4 Last_evaluation and number_project.With alpha 0.05:

##
## Pearson's product-moment correlation
##
## data: Employee_Leave_rate1$last_evaluation and Employee_Leave_rate1$number_project
## t = 45.656, df = 14997, p-value < 2.2e-16
## alternative hypothesis: true correlation is not equal to 0
## 95 percent confidence interval:
## 0.3352028 0.3633053
## sample estimates:
## cor
## 0.3493326
Explanation:
#1 P value less that 0.05, The relationship between left and satisfaction_level is significant
#2 Cor 0.35, The correlation between those two variablesa have a moderate positive liner relationship.

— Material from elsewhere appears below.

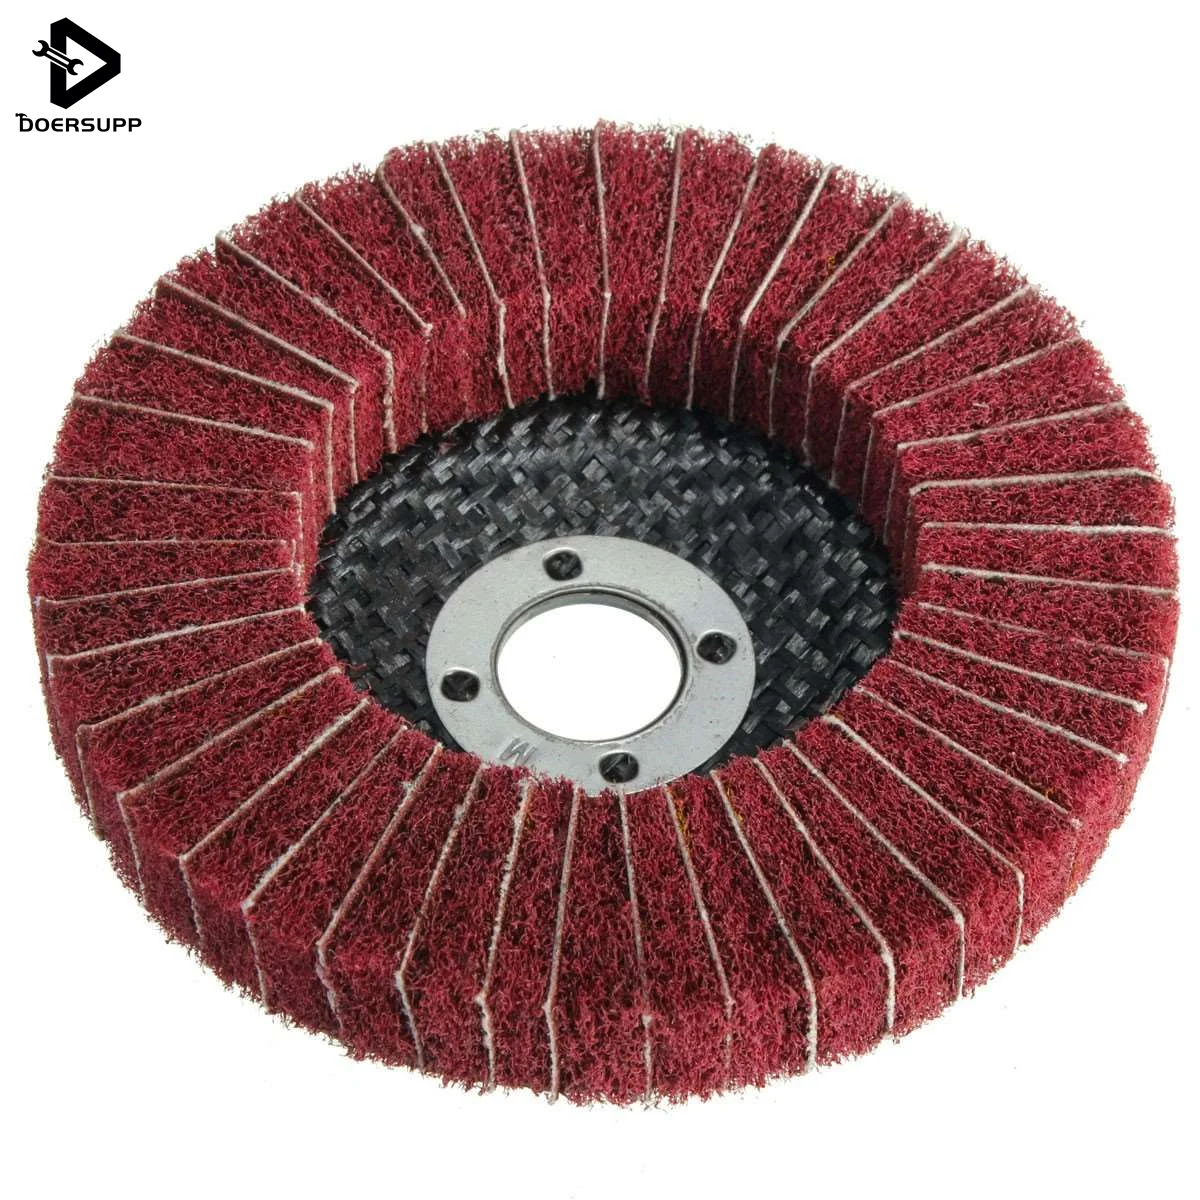 Высокое качество 1 шт. нейлон волокно абразивное колесо полировки Полировка диск диаметр 10 см Грит новое поступление

#3 The more number_project done, the higher level last_evaluation.
5 Satisfaction_level and salary.With alpha 0.05:
Employee_Leave_rate2 = Employee_Leave_rate %>%
mutate(salary_type = recode(Employee_Leave_rate$salary,"low" = 0, "medium" = 1, "high" = 2))
Employee_Leave_rate3<- Employee_Leave_rate2 [, -c(9:10)]
ggplot(Employee_Leave_rate3)+
geom_point(aes(satisfaction_level, salary_type))+
geom_smooth(aes(satisfaction_level, salary_type), method = 'lm')

cor.test(Employee_Leave_rate3$satisfaction_level, Employee_Leave_rate3$salary_type)
##
## Pearson's product-moment correlation
##
## data: Employee_Leave_rate3$satisfaction_level and Employee_Leave_rate3$salary_type
## t = 6.1335, df = 14997, p-value = 8.81e-10
## alternative hypothesis: true correlation is not equal to 0
## 95 percent confidence interval:
## 0.03404593 0.06597347
## sample estimates:
## cor
## 0.05002248
Explanation:
#1 The relationship between satisfaction_level and salary_type is significant.
#2 Cor is 0.2, The correlation between two variablesa are weak positive liner relationship.
#3 Higher salary employees not all with higher satisfaction_level. Lower sarly employees not all with low satisfaction level.